Israelis are also being gouged for telephone landlines because of another monopoly. This fate was not preordained. Rather, it is the result of blatant meddling by Netanyahu through his position as communications minister. Former Communications Minister Gilad Erdan, on Nov. 18, 2014, his last day in office before resigning, signed a regulation requiring the monopolistic Bezeq to sell its landline services to competing firms at a regulated cost in a move designed to reduce the price of phone and Internet services. After taking over the communications portfolio, Netanyahu's first move was to oust its director general, Avi Berger, who had fought against the Bezeq monopoly, and replace him with a yes-man, Shlomo Filber. In an Oct. 29 investigative report in the Haaretz weekend supplement, reporter Gidi Weitz describes how the popular Walla website has become a reflection of Yisrael Hayom, the pro-Netanyahu daily. Walla is owned by Bezeq, which is controlled by businessman Shaul Elovitch, who is waging a battle against reforms in landline services.

The Weitz report recounts how Walla CEO Ilan Yeshu'a told the site's journalists, “Netanyahu is ruining the country. I take anti-nausea pills when I ask this of you, but I have no choice but to take down the top story, to add an item. It is being dictated from above. I have no choice. There are big moves afoot. We must not get in the way.” In no uncertain terms, Yeshu'a also said, “We do indeed have big cash reserves, but we also have many interests.

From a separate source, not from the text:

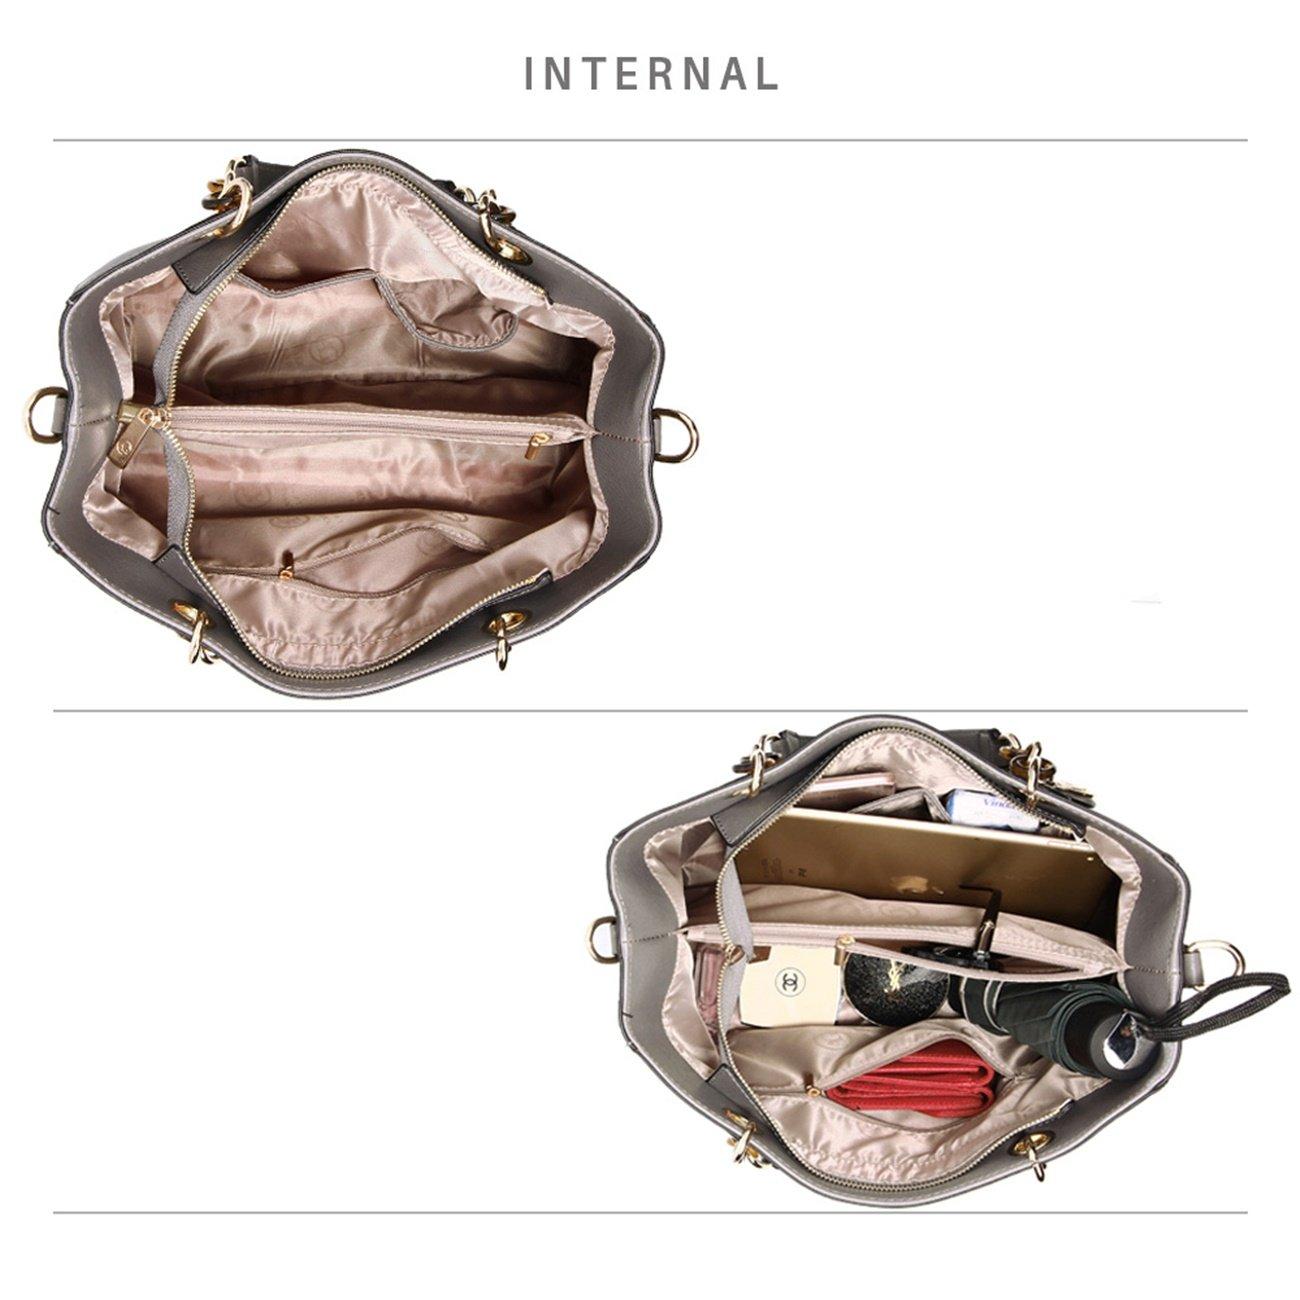 4cde80ae7af LeahWard Womens Designer Tote Bags Large Faux Leather Handbags Shoulder Bag  For Her School 536

There's lots of crony capitalism involved, orders from high up.” On occasion, senior editors would simply tell reporters that Elovitch himself had ordered that the prime minister be defended. This scandal, too, evaporated, among the reports of the lynching of Habtom Zerhom, a migrant worker from Eritrea who was mistakenly suspected of perpetrating a terror attack, and newsbreaks about stabbing incidents.

Corruption follows corruption. Former Likud Knesset member Michael Gorlovsky was arrested on suspicion of accepting a bribe to the fantastic tune of 33 million Israeli shekels ($8 million) from the National Roads Company. In addition, the police announced that they were recommending that prosecutors indict former Deputy Interior Minister Faina Kirschenbaum and former Tourism Minister Stas Misezhnikov, both of Yisrael Beitenu, for allegedly running a well-oiled machine of public fund transfers to various agencies in return for bribes.

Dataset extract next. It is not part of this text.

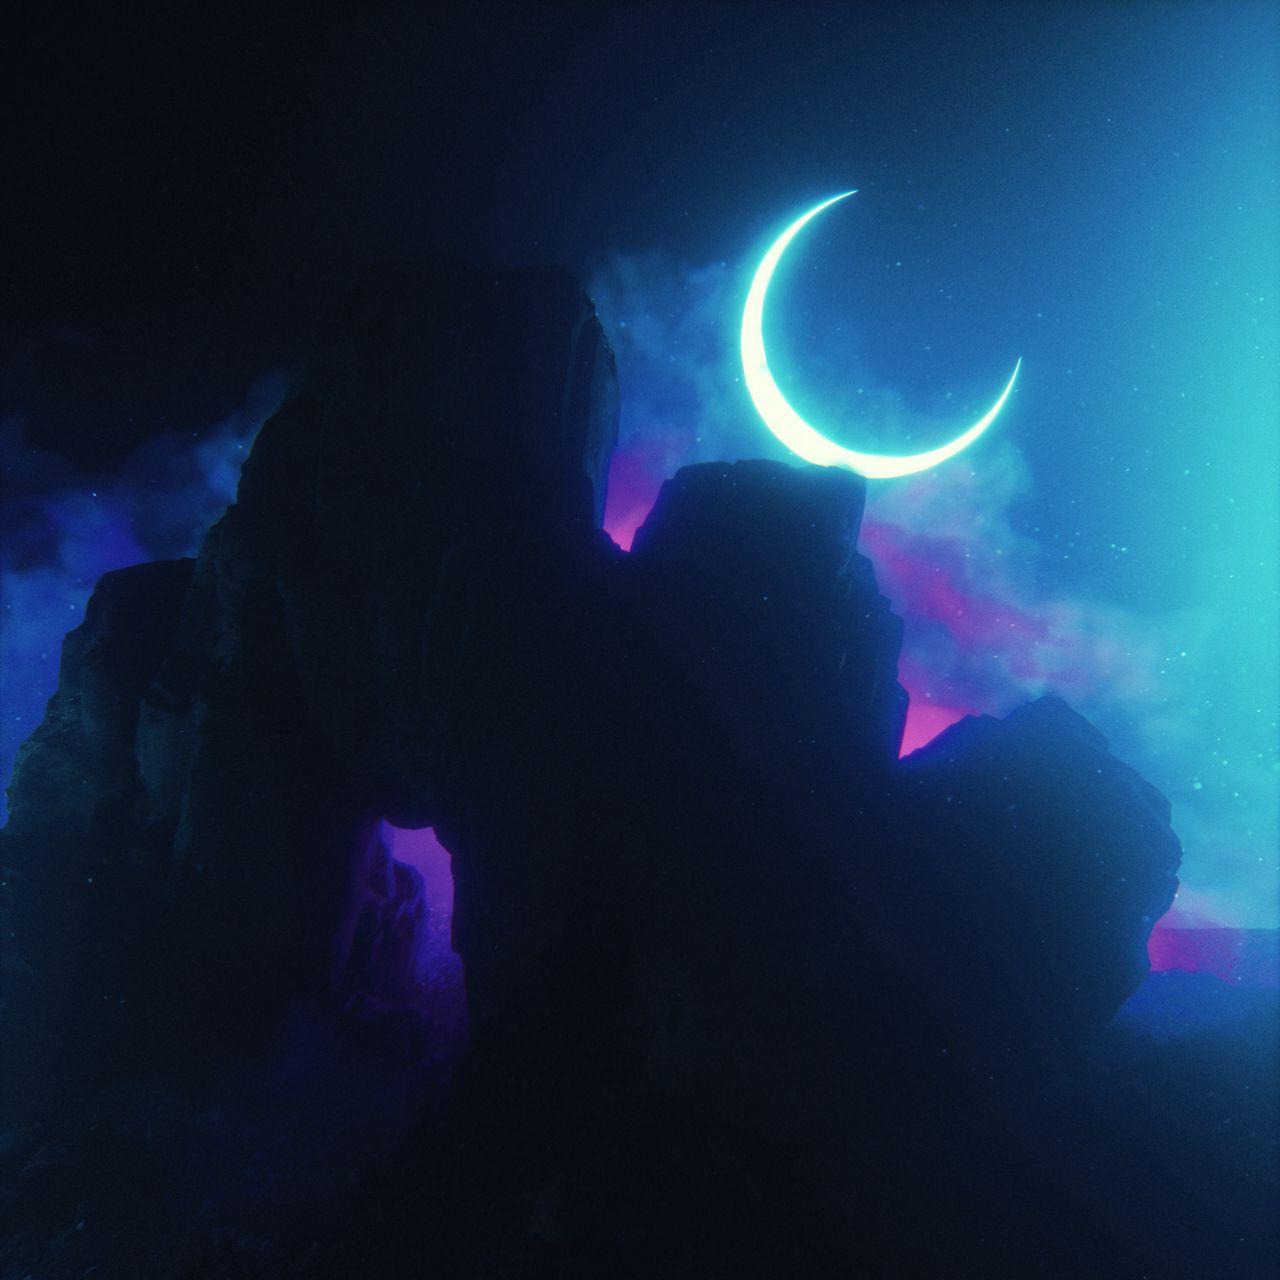 1280x1280 Wallpaper rock, neon, smoke, moon, light, bright

The Zionist Camp has also been marching in the corruption parade. On Oct. 27, Attorney General Yehuda Weinstein announced the decision to try Binyamin “FuadBen-Eliezer, former defense minister and Labor Party (now Zionist Camp) chairman, on charges of taking bribes, money laundering and other activities. This is a man who was a heartbeat away from being elected state president.

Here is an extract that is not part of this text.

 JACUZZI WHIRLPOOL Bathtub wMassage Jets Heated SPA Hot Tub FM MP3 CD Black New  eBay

Despite the never-ending revelations of corruption, the citizens of Israel are still able to discern those leaders who embody integrity. Regardless of his strong ideological advocacy, President Reuven “RuviRivlin remains an appreciated figure by Israelis on the left, center and right, a man of integrity and a zealous democrat, as was another figure from Israel's cleaner past, Yitzhak Navon, the former president who died Nov. 7.